(DATA BELOW Opens)

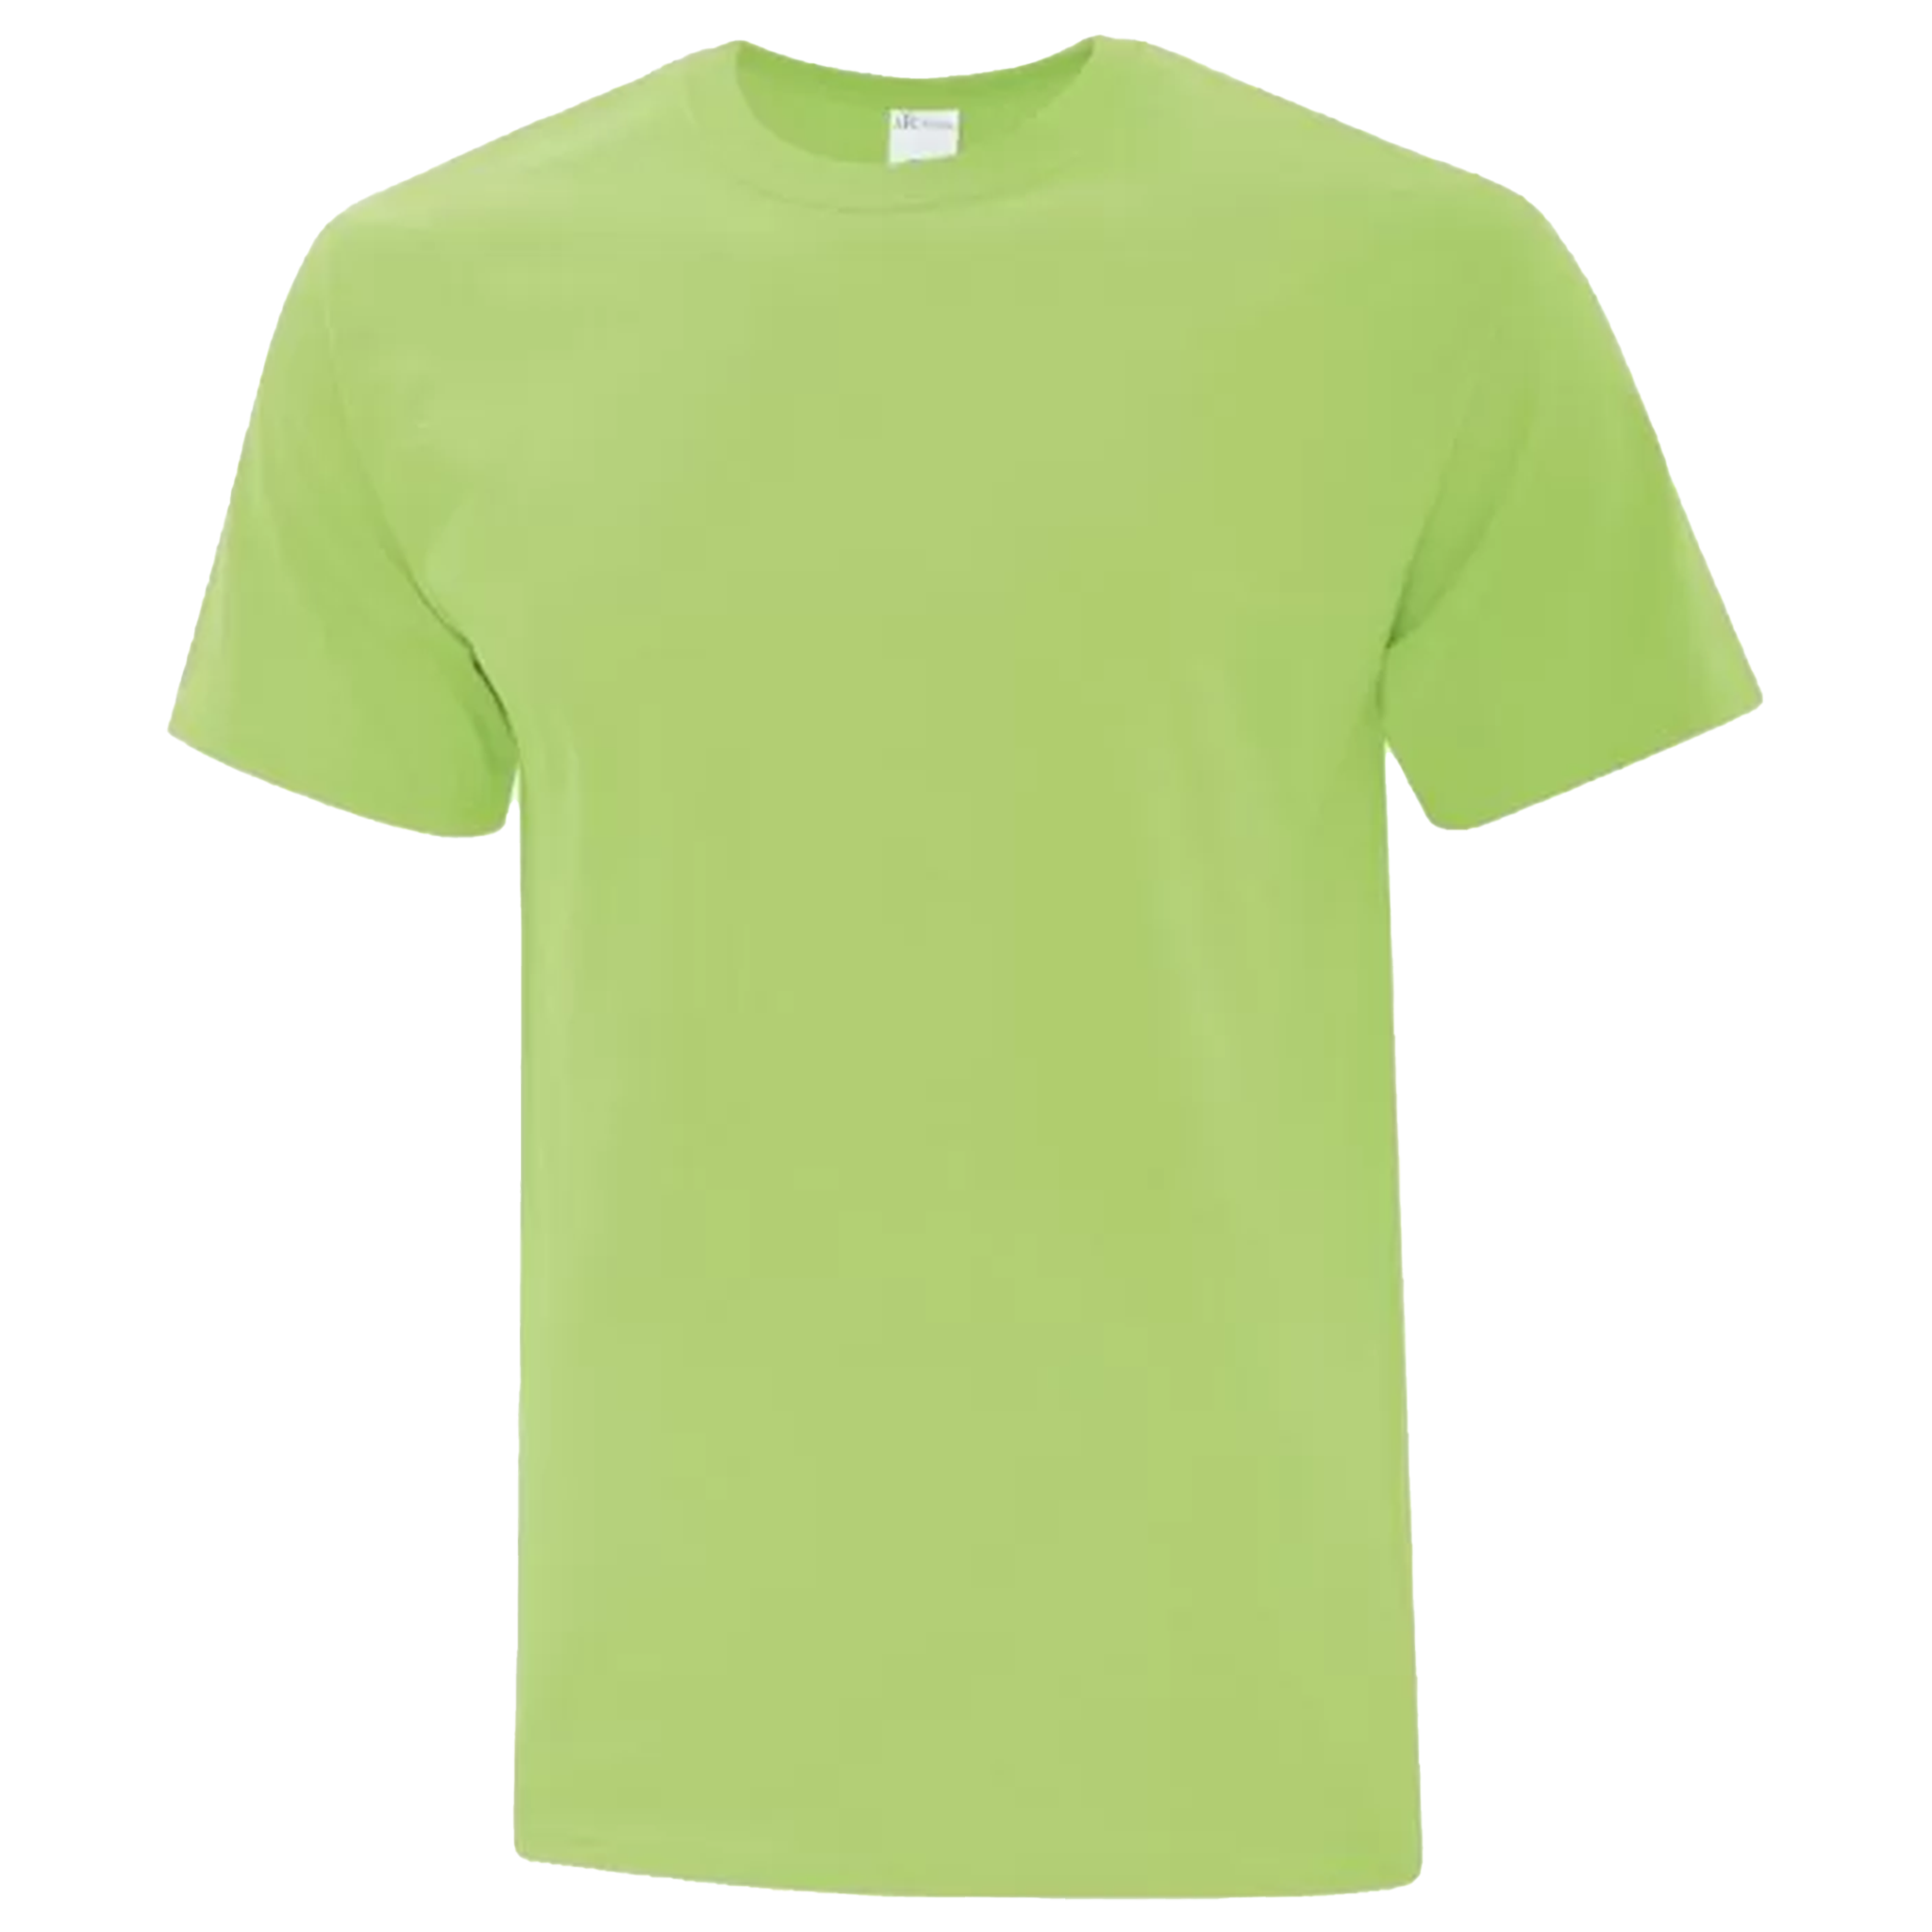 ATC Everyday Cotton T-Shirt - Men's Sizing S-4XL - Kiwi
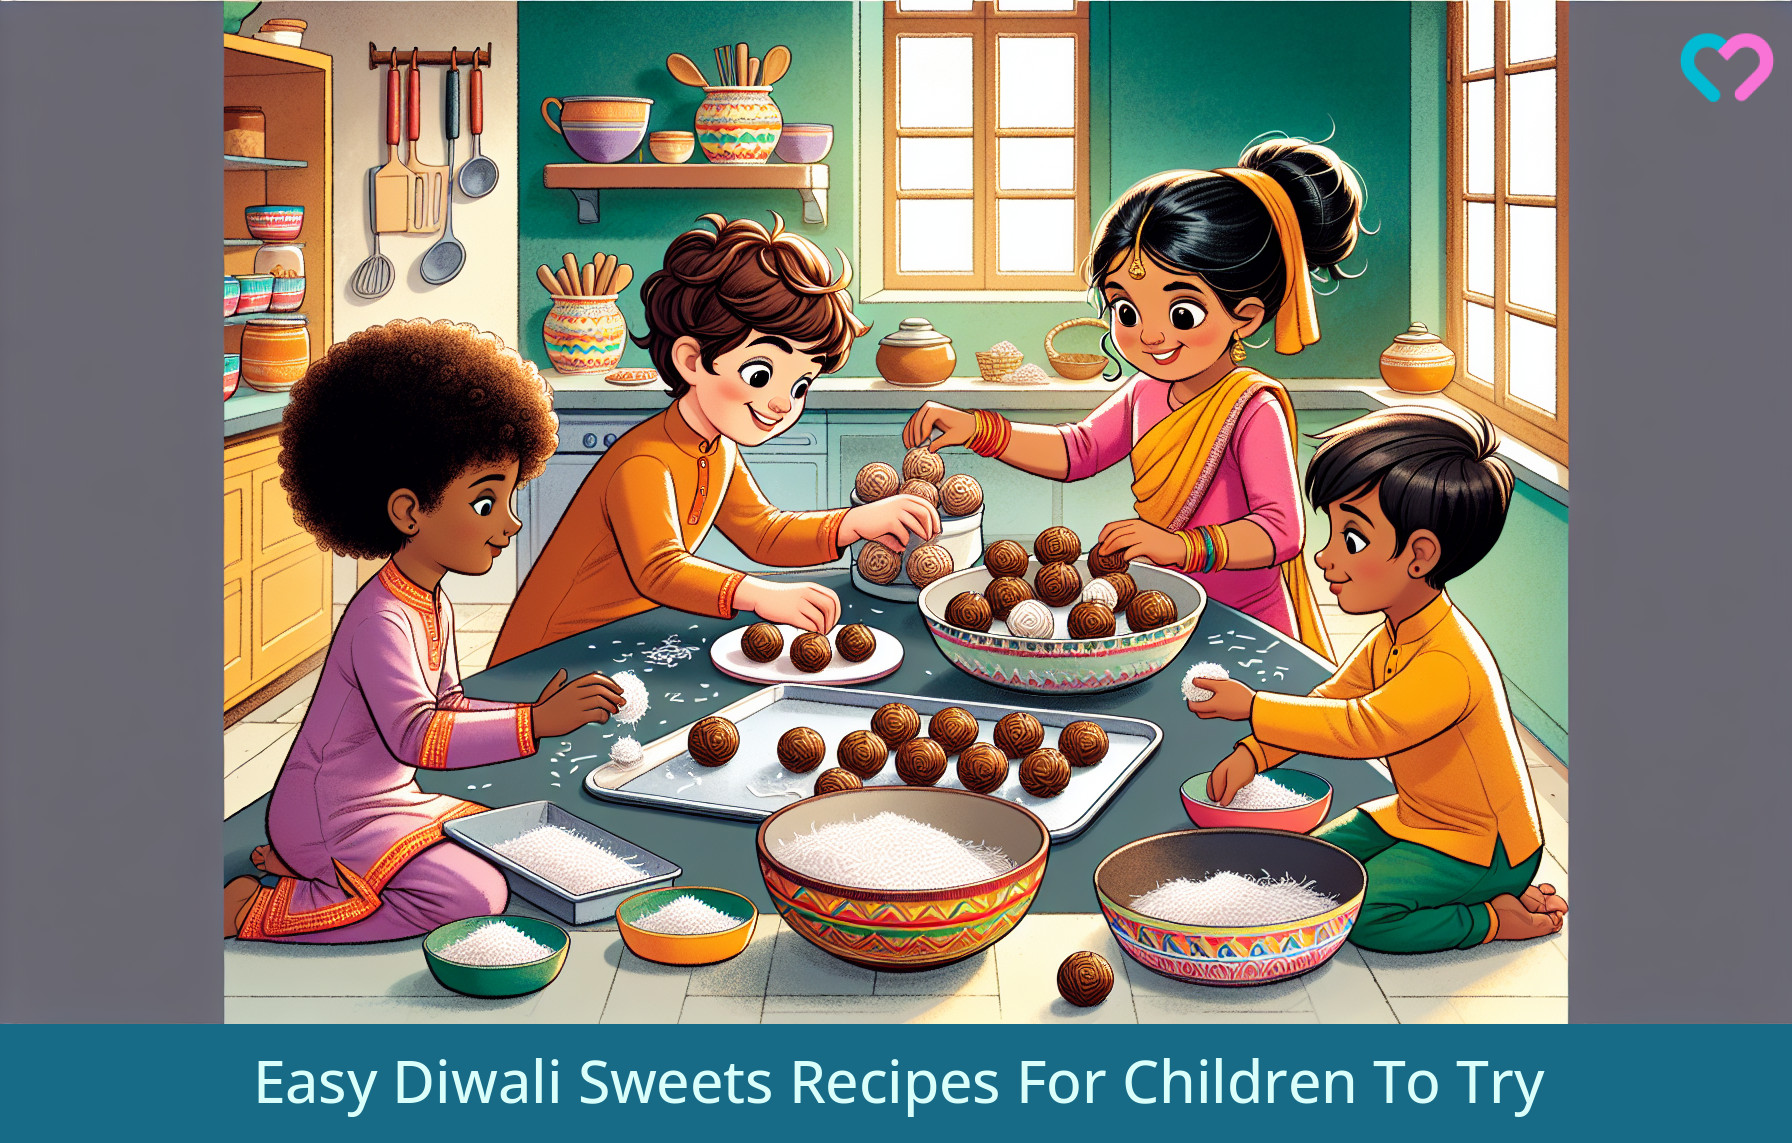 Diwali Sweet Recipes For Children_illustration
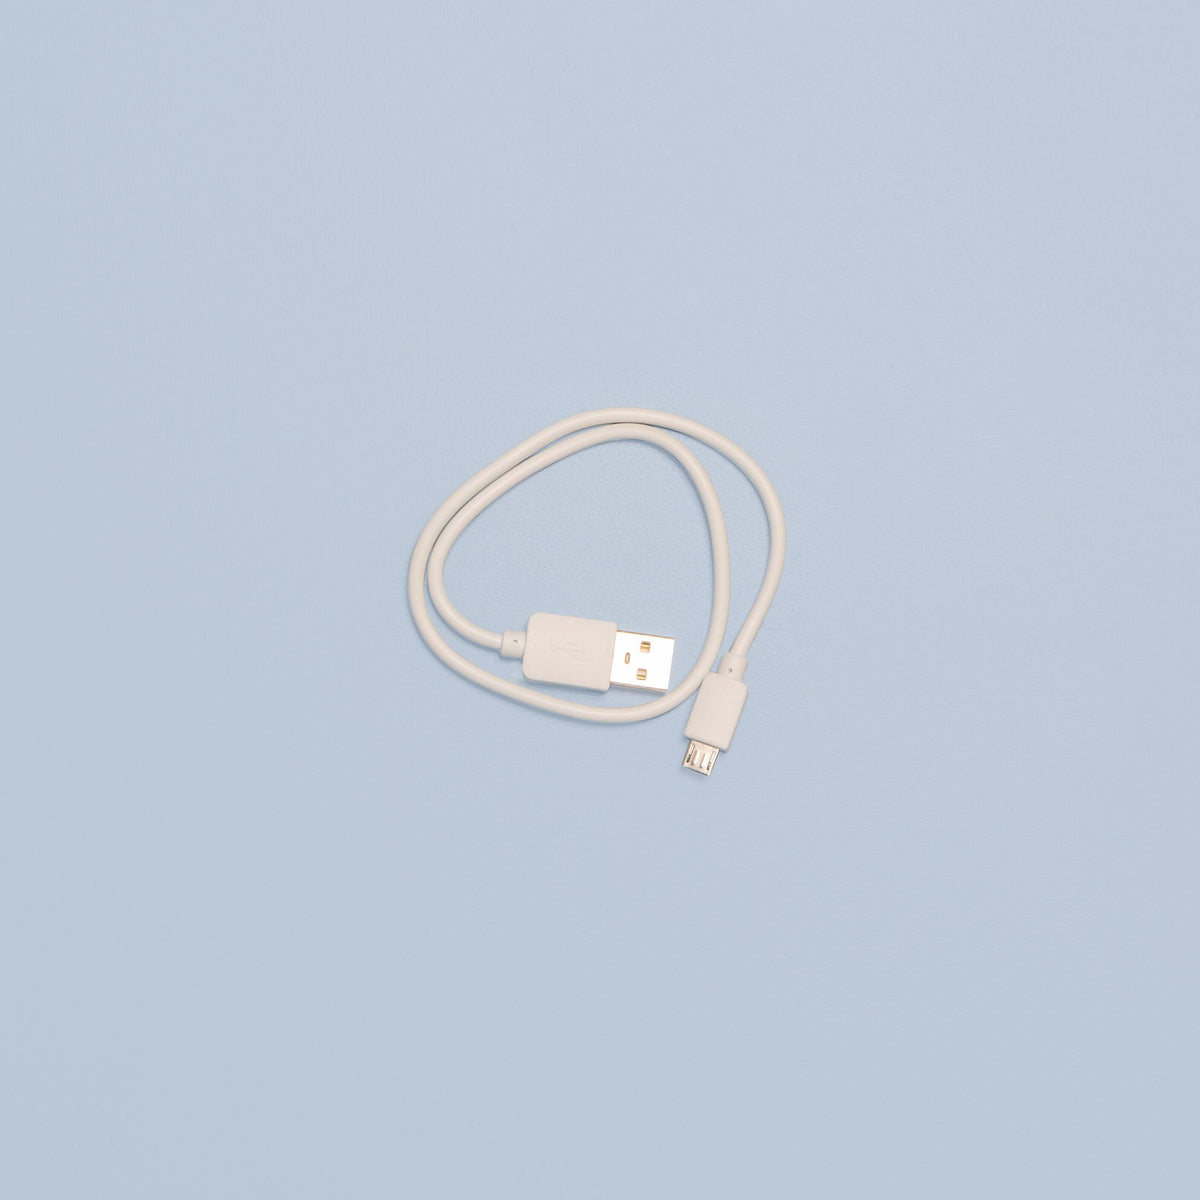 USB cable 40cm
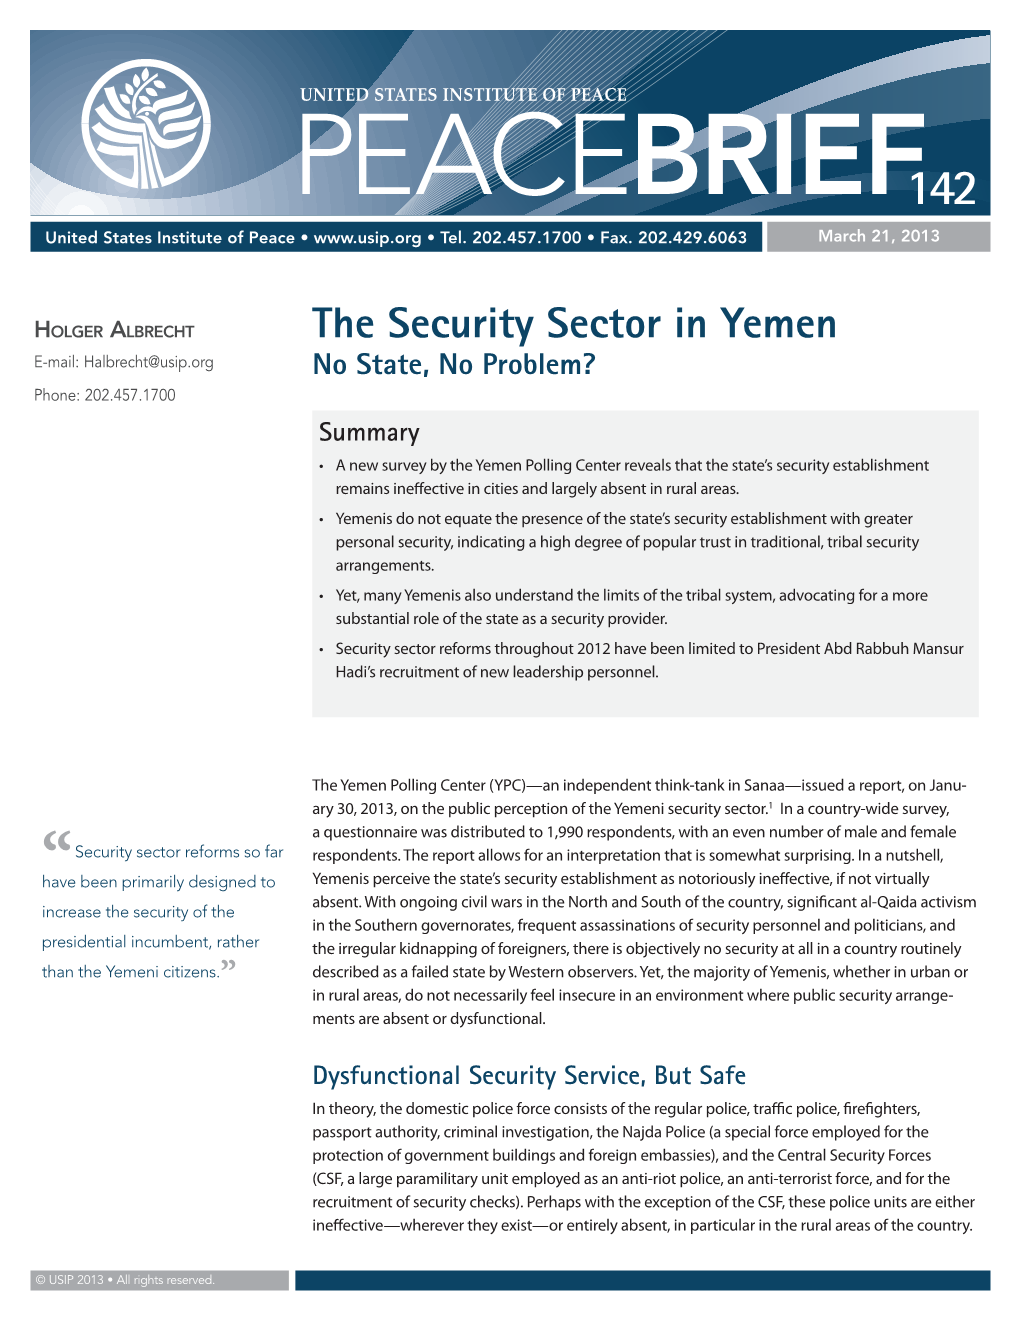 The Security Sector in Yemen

(DATA BELOW Closes)

**WORK TASK:**
Retype the full listing above precisely. Exclude each picture you find in it.

**TASK RESPONSE:**
 ATC Everyday Cotton T-Shirt - Men's Sizing S-4XL - Kiwi
 Diwali Sweet Recipes For Children_illustration
 USB cable 40cm
 The Security Sector in Yemen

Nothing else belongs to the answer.